Based on the above discussion, although both the concentration-based approach (MixSIAR) and the flux-based approach (Global NEWS DIN model) used in this study have certain limitations, as mentioned in the section “Comparison of the contribution obtained by MixSIAR and calculation of nitrogen source fluxes,” the flux-based approach can reflect the “real” input intensity of different nitrogen sources. However, it falls short in capturing the spatiotemporal transformations of nitrogen composition, concentration, and sources influenced by surface runoff, groundwater infiltration, and microbial processes in water and soil. In contrast, the Bayesian mixing model (MixSIAR) incorporates categorical variables in the data structure, allowing for the consideration of temporal (sampling periods) and spatial (sub-reaches) factors on nitrogen sources. It also addresses the uncertainties in isotopic composition from various sources and accounts for fractionation effects in source apportionment. By comparing the outcomes of both methods, it is possible to assess the potential impact of human activities on nitrate pollution and the buffering capacity of the watershed ecosystem. Therefore, we recommend utilizing the mixing model as the preferred approach for identifying nitrogen sources at the watershed scale, while also cross-referencing the results with the estimation of potential nitrogen fluxes.

Conclusions

The Jin River, which flows into Taiwan Strait, is a highly dynamic estuarine system in Southeast China. Based on our results, nitrification, nitrate assimilation by phytoplankton, and NH4+ volatilization were the main nitrogen transformation processes in our study area, mainly because of the significant influence of nitrate from synthetic fertilizer. Although denitrification was more likely to occur in the low-flow period, its intensity was limited, and the signal of denitrification was masked by the mixing effects of different biological transformation processes and nitrate sources.
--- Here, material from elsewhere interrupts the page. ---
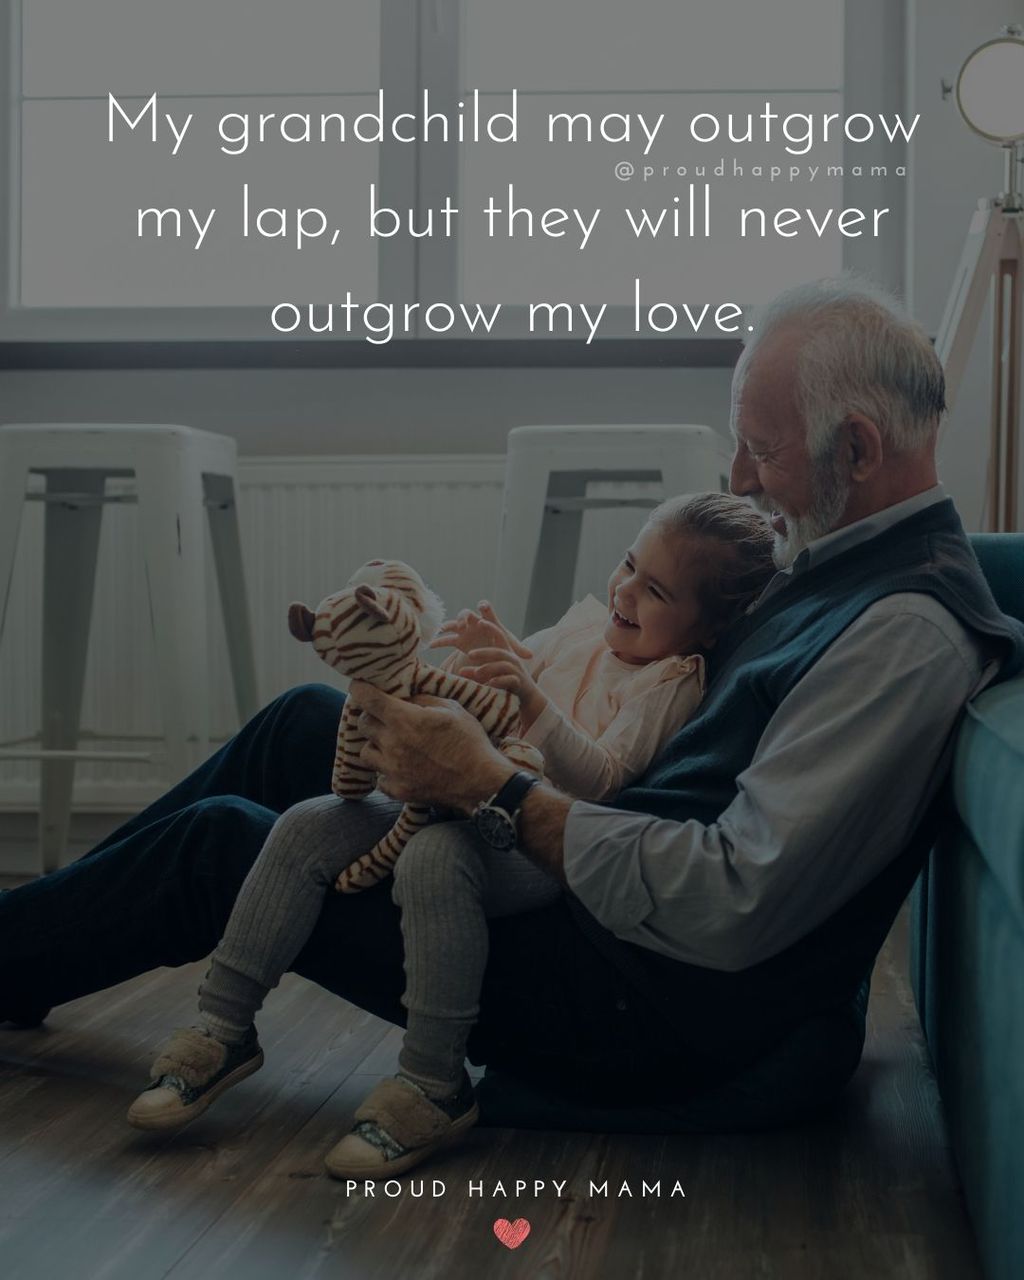 Quotes for Grandchildren - My grandchild my outgrow my lap, but they will never outgrow my love.

Variations in precipitation and water discharge caused different nitrate biogeochemical processes for different sampling periods and may have masked the actual nitrate sources. The contribution of synthetic fertilizer was greater in the high-flow period than in the low-flow period. For both periods, the contribution of synthetic fertilizer longitudinally increased from the upper to the lower reaches, and the contribution of nitrate from synthetic fertilizer was lower in the high-flow period. Compared to point source pollution, such as sewage disposal, synthetic fertilizer transported into the river was driven by high precipitation and runoff, which could be too rapid for specific functional microorganisms to alleviate the excess nitrate, such as denitrifying bacteria and anammox bacteria/archaea. Thus, more efforts should be made to control non-point source pollution in the upper reaches of coastal rivers.

Our studies also highlight the importance of comparing the results obtained from both the Bayesian mixing model (MixSIAR) and the estimation of nitrogen sources (Global NEWS-DIN model). This comparison allows us to not only assess the actual intensity of nitrogen input caused by human activities but also understand the buffering effect of the watershed ecosystem, including the mitigation of nitrate pollution by the vadose zone and aquifer.